Magniloquence II: Sepulchral Literature -or- Bury Me Not Without A Black-Petaled Buttonhole
At some intersecting point between research & simply having weird interests, I was recently reading a book on epitaphs. It’s one of those books you purchase & then lose in a crowded shelf, wonderfully resurfacing at its most useful time — be it when you’re in the mood for such a topic for pleasure reading or, in my case, when you’re looking for a decent source of old grave inscriptions to base a fictitious one upon.
I understand it may come as a surprise, but despite being a “writer” of horror & weird fiction, I’m quite taken with cemeteries. This fact only makes it all the more disappointing at how grave ornamentation has become less of an art in modern times.
I’m not going to belabor (much) the hows or whys, & with all deserved respect, I’m not attempting to detract from the recently dead.

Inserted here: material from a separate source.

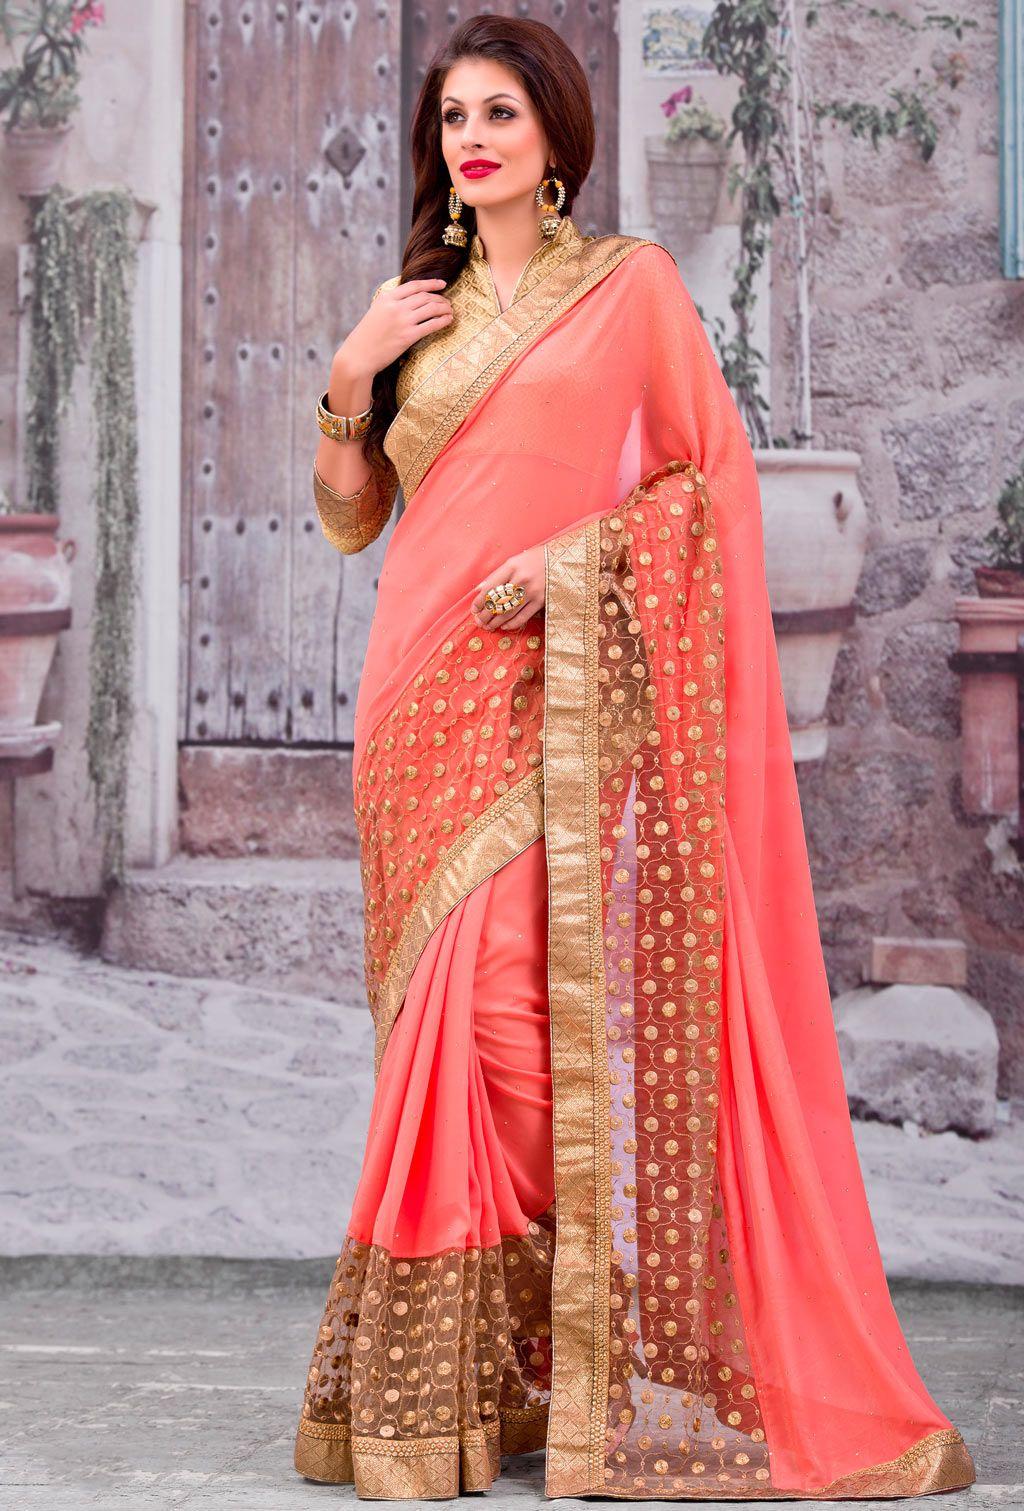 Peach color saree for wedding peach georgette party wear saree   saree u kurtha  pinterest

This isn’t meant as an exhaustive musing on the subject either, I’d just like to share some of the older epitaphs I’ve come across — commenting, haphazardly without planning, here & there.

Boston, Mass
Aged 61 Yeeres
An Eminently Faithfull Servant
Of God & One of a Publick Spirit
Was Perfidiously Slain By
ye Indians at Kennibeck
August ye 14th 1676
& Here Interred The 13 Of
March Following
of Mrs Joanna
Winship Aged 62
years who departed
this life November
ye 19th 1707
This good school dame
No longer school must keep
Which giues us cause
For childrens sake weep.

The Victorian era restrained the epitaph greatly, but the text was still beautiful, & the stone itself became more art than medium. Cemetery crowding was a major factor in this, & the reason the family plot became much more widespread in the western world.
In a morbid chicken or the egg scenario, I’m curious to the relationship of the epitaph & the obituary. The obituary had already been around since the rise of the printing press, but it was not common until the Victorian era. My guess would be that cemetery crowding & a lack of space for inscription lead to the demand of publishing obituaries, but I’m sure it’s quite possible the obituary removed the need for such comprehensive epitaphs.
Thus simple inscriptions of “We Shall Meet Again” or “Gone To Rest” became common, but that isn’t to say the long epitaph was, by any means, out of use.
Chittenden, Vt.
Julia A. Eddy
Wife of
Zephania Eddy
Entered the World
of Spirits
Dec. 29th, 1872
AE 59 y’s, 9 m’s, 24 d’s.
Julia Eddy was the mother of the Eddy brothers — the rather known, and incredibly interesting, Spiritualism mediums. I’ve a feeling I’ll get around to writing about them here sometime in the future.
Newfane, Vt.
Died at Ashtabula, Ohio, Dec. 29, 1876. Her body
was entirely consumed in the terrible Railroad Disaster
which occurred at that place.
But no man Knowest of her Sepulchre.
I’ll end — for now — with two of my favorites.
Hartford, Conn.
Those who cared for him while living
will know whose body is buried here.
To others it does not matter.
Who, is no business
of yours.

D.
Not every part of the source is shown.